Ana ve babanın her tür hastalığı velayetin kaldırılması sebebi kabul edilemez. Bazen öyle durumlar olur ki hem ananın hem de babanın hastalığı onların velayet görevinin gerektirdiği hak ve yükümlülükleri yerine getirmelerine engel olması sonucunu doğurmaktadır. Bu durum çocuğun sağlığını, eğitimini ve hepsinden önemlisi bütün bir yaşantısunı olumsuz etkileyecekse ana ve babadan velayetin kaldırılması gerekir.

Ancak ana ve baba evli ve bunlardan sadece biri bu görevini aksatacak bir has­talığa tutulmuş ve diğer eş velayet görevini gereği gibi yapabiliyorsa velayetin kal­dırılması gerekmeyecektir.

Ana ve baba velayet hak ve yükümlülüklerini yerine getiremeyecek derecede özürlü iseler çocuğu bakımsız halde bırakmak olanaksız olduğundan velayetin kaldırılmasına karar vermek gerekir. Ancak ana ve baba bedensel özürlü olmaktan dolayı velayet hak ve yükümlülüklerini yerine getirememekle beraber çocuğa baka­bilecek bir ortam hazırlamışlar, örneğin bakıcı tutmuşlar veya çocuğa yakınları aracılığıyla bakıyorlarsa onları son derece ağır koşulları olan velayetin kaldırılması felaketi ile karşı karşıya bırakmak zalimane bir anlayış olacaktır.

B- Ana ve Babanın Kısıtlanması

Ana baba akıl hastalığı veya akıl zayıflığı, savurganlığı, ayyaşlığı, kötü idaresi, yaşlılığı, sakatlığı veya tecrübesizliği sebebiyle kısıtlanmışsa bu halde de velayetin kaldırılmasına karar verilmesi gerekir.Aile Mahkemesi Hâkimi, Aile Mahkemesi kurulmamışsa Asliye Hukuk Yargıcı ana babanın kısıtlandığını saptadığında vela­yetin kaldırılmasına ve çocuğa bir vasi tayin edilmesine karar vermelidir,

C- Velayet Hak ve Görevinin Ağır Şekilde Kötüye Kulllanılması

Ana babanın çocuklarını aşırı bir şekilde dövmesi, onları suç işlemeye zorlama­sı, dilendirmesi, çocuklara karşı cinsel bir suç işlemesi, onlara şiddet uygulaması, toplumun değer yargılarına ve inanışlarına aykırı bir duruma zorlamaları, çocuğun çıkarlarına aykırı bir duruma razı olması için zorlanması velayet hak ve görevinin kötüye kullanılması olarak kabul edilmelidir.

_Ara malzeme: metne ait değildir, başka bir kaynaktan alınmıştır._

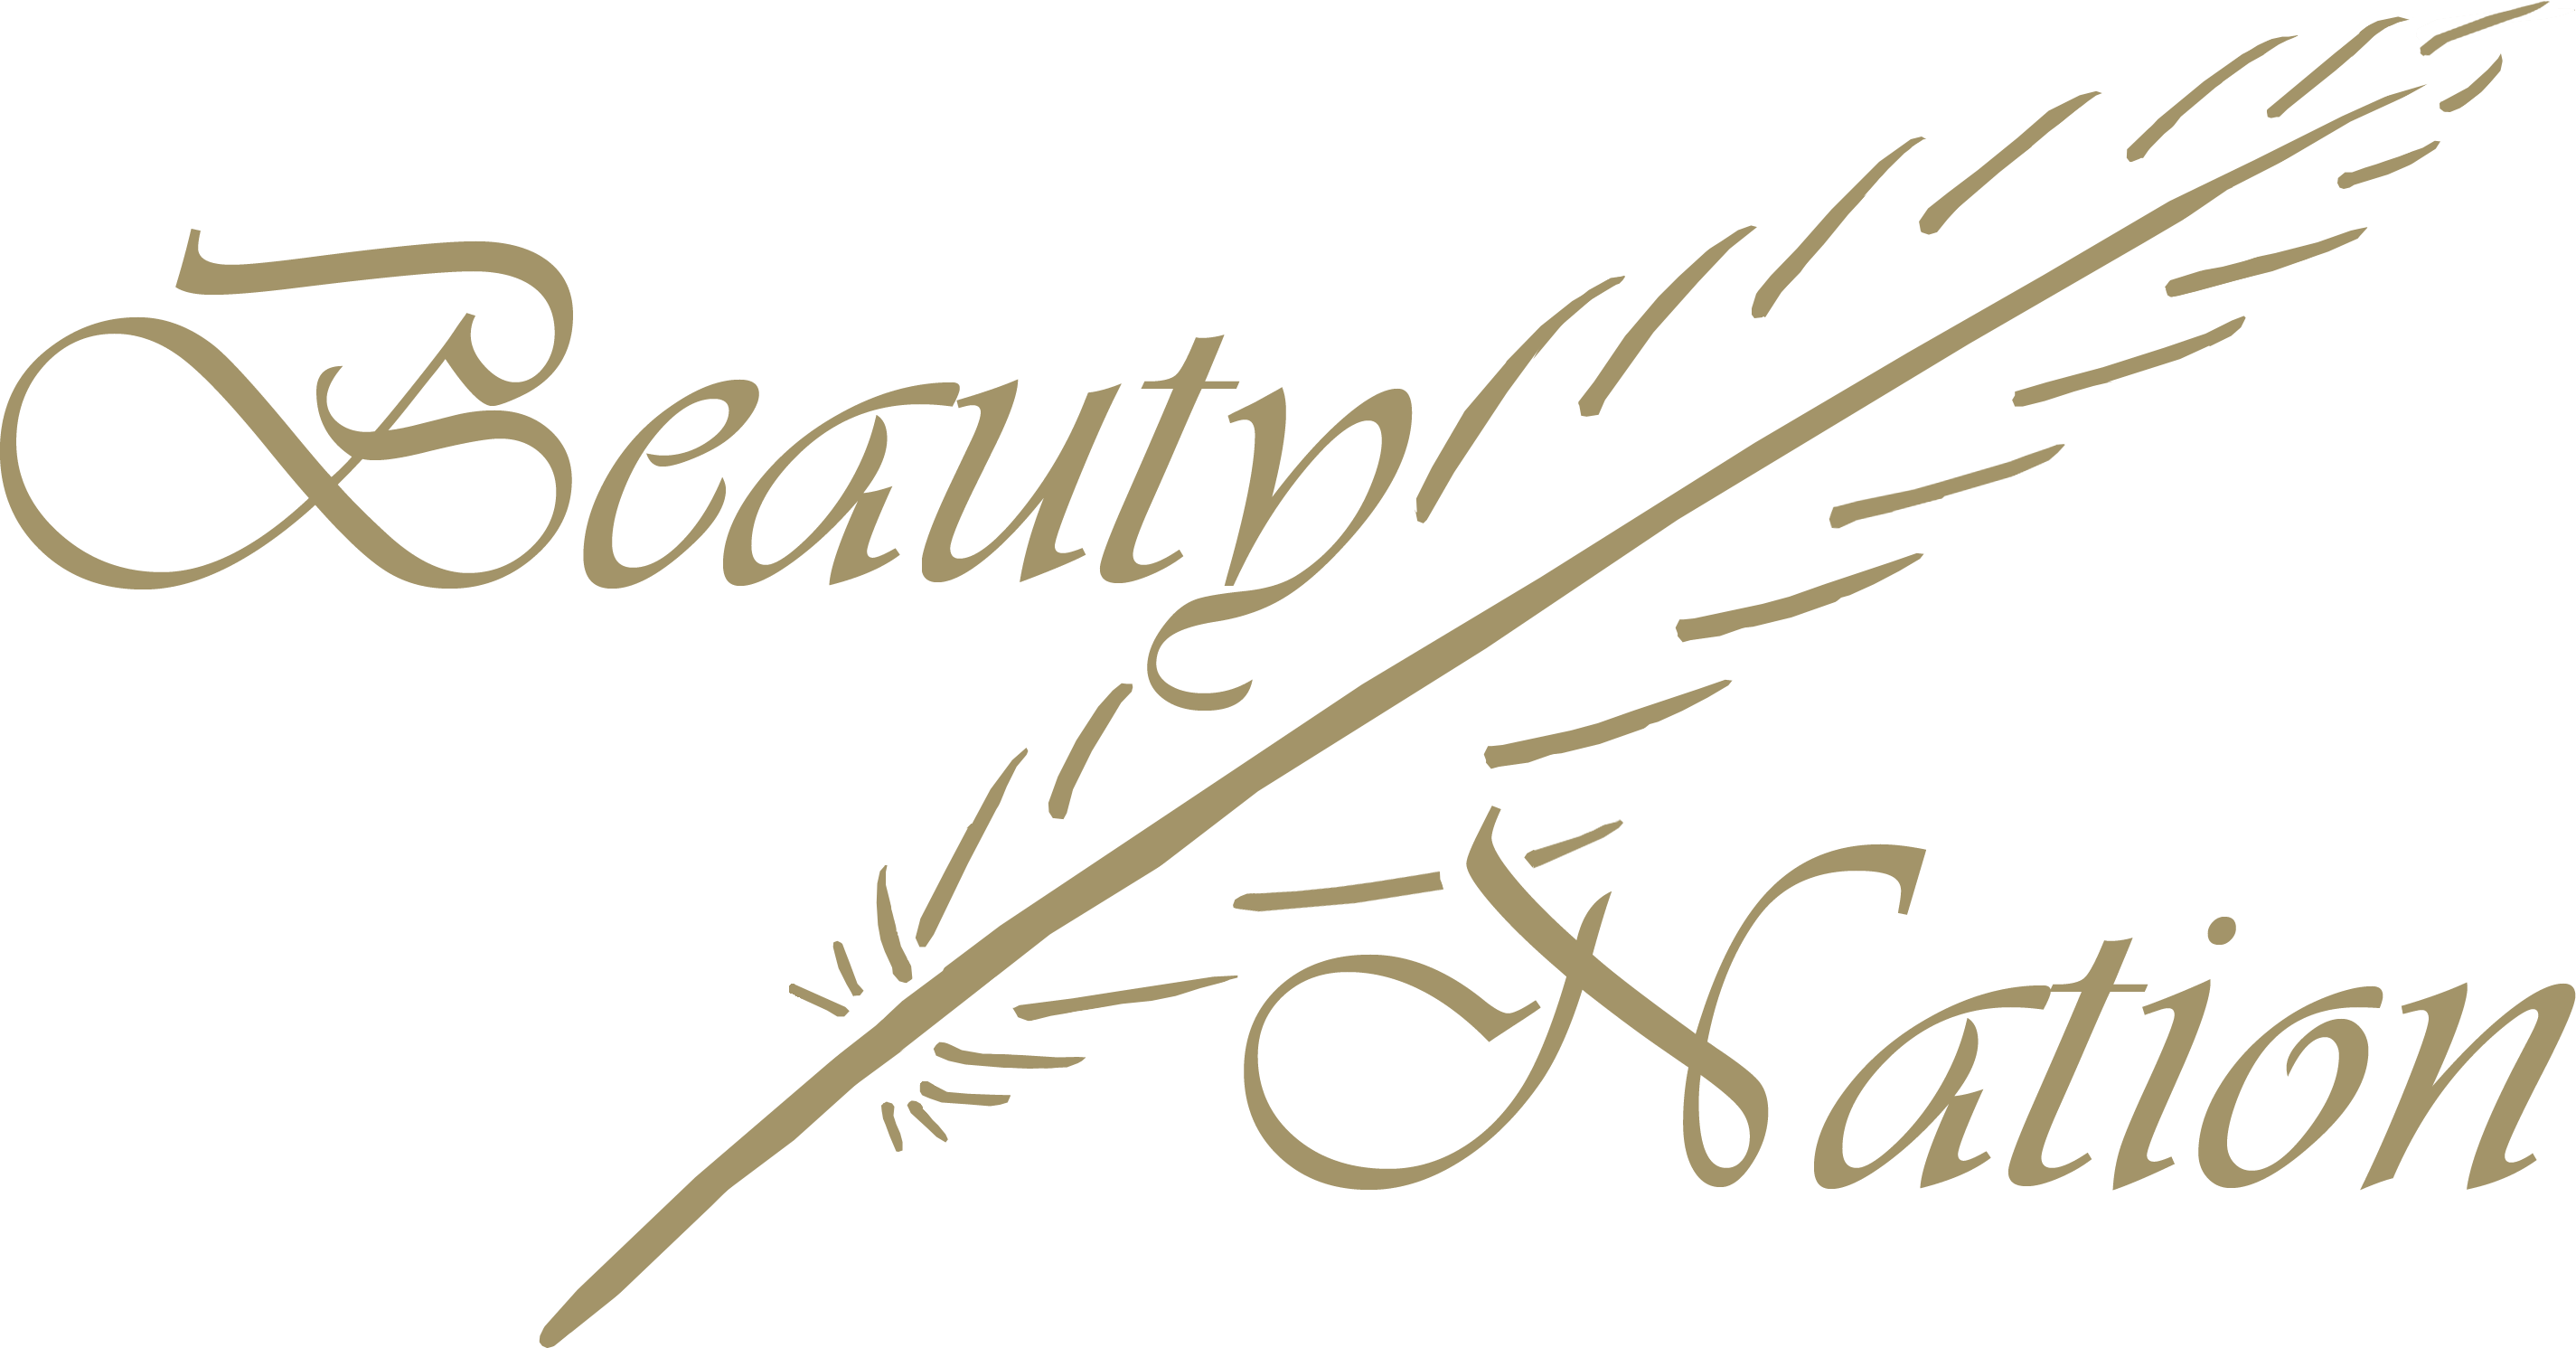 The Beauty Nation Pte. Ltd.

D- Velayet Hak ve Görevinin Aşırı Derecede Savsaklanması

Velayetin kapsamı; 4721 sayılı T.M.K. un 339. Maddesine göre çocuğun bakım ve eğitimi ve çıkarlarının korunmasını, çocuğun adının konmasını, 4721 sayılı T.M.K. un 340/2. Maddesine göre bedensel ve zihinsel özürlü olan çocuğa yetenek ve eğilimlerine uygun düşecek bir eğitim vermesini, 4721 sayılı T.M.K. un 339/ 3. Maddesine göre çocuğa yaşamını düzenleme olanağı tanınmasını, çocuğun dini eğitiminin belirlenmesini, 4721 sayılı T.M.K. 342. Maddesine göre çocuğun yasal olarak temsil edilmesini ifade etmektedir. Ana ve babanın çocuğa yeterli ilgi gös­terme yükümlülüğü de velayet hak ve yükümlülüğünün kapsamı içinde kabul edilmelidir. Ana ve babanın bu ve buna benzer yükümlülüklerini ağır bir şekilde savsaklaması da velayetin değiştirilmesi sebebidir. Ancak savsaklamanın önemli ve devamlı olması çocuk için ağır sonuçlarının olduğunun kanıtlanması gerekir. Ana ve babanın zorunlu sebeplerle ve sürekli olmayan savsaklaması velayetin kaldırıl­ması sebebi olmamalıdır.

Yargıtay bir kararında "velayet verilen ananın çocuğu kendi anasına bırakıp gitmesini ve başkasıyla evlilik dışı yaşantısından iki çocuğu olmasına karşın bu dönemde çocukla hiç ilgilenmemesini" velayetin kaldırılması sebebi kabul etmiştir. Çocuğun tedavisinin uzun süre savsaklanması, çocuğun eğitimiyle hiç ilgilenilme-mesi başıboş bir yaşama terk edilmesi gibi hallerde velayetinin kaldırılmasına karar verilmesi gerekir.

E- Ana Babanın Bazı Suçlardan Mahkumiyeti

Türk Ceza Kanununun 435. Maddesine göre ana baba reşit olmayan çocuklarına karşı fuhşiyata tahrik ve benzen bir suç işler veya böyle bir suça iştirakten, onları fuhuşa teşvik etmekten, kadm ticareti yapmaktan dolayı mahkum olmuşsa velayet hakkı kaldırılır. Bu tür suçlar kamunun edep duygularına ve aile düzenine karşı işlenen suçlardır. Kanun koyucu böyle bir suç işlenmesi halinde işi hukuk mahke­mesine bırakmadan ceza mahkemesinin mahkumiyet kararıyla birlikte T.C.K. unun 437. Maddesi gereğince velayetin kaldırılmasına da karar verilmesi gerektiğini ön­görmüştür.

F- Yeniden Evlenme

4721 sayılı T.M.K. unun 349. Maddesine göre "Velayete sahip olan ana veya ba­banın yeniden evlenmesi velayetin kaldırılmasını gerektirmez". Yeniden evlenme tek başına ne velayetin değiştirilmesi ne de velayetin nezi sebebidir. Yeniden ev­lenme sonucu ortaya çıkan duruma göre velayet hak ve yükümlülüğünün aksatıl­ması söz konusu olmak koşuluyla derecesine göre velayetin değiştirilmesi veya kaldırılması söz konusu olabilir.

4721 sayılı T.M.K. unun 351. Maddesine göre velayetin kaldırılması sebebi orta­dan kalkmak koşuluyla Yargıç ya kendiliğinden da ana ve babanın başvurusu üze­rine velayeti geri iade ile yükümlüdür.

Çocuklardan birinin velayetinin kaldırılması kararı aksi belirtilmedikçe diğer çocukları da etkiler. Bu durumda velayetin kaldırılması kararı ilerde doğacak ço­cukları da kapsar.

Ana babadan velayet kaldırılınca çocuğa bir vasi atanır. Velayetin nezine karar veren Asliye Hukuk Yargıcı kendisi vasi atamakla görevli olmadığından vasi atan­ması için Sulh Hukuk Yargıcına ihbarda bulunmalıdır. Vasi atama görevi Sulh Hu­kuk Yargıcının görevidir.

Velayetin kaldırılmasında( nez) yetkili mahkeme davalının yerleşim yeri mahke­mesidir.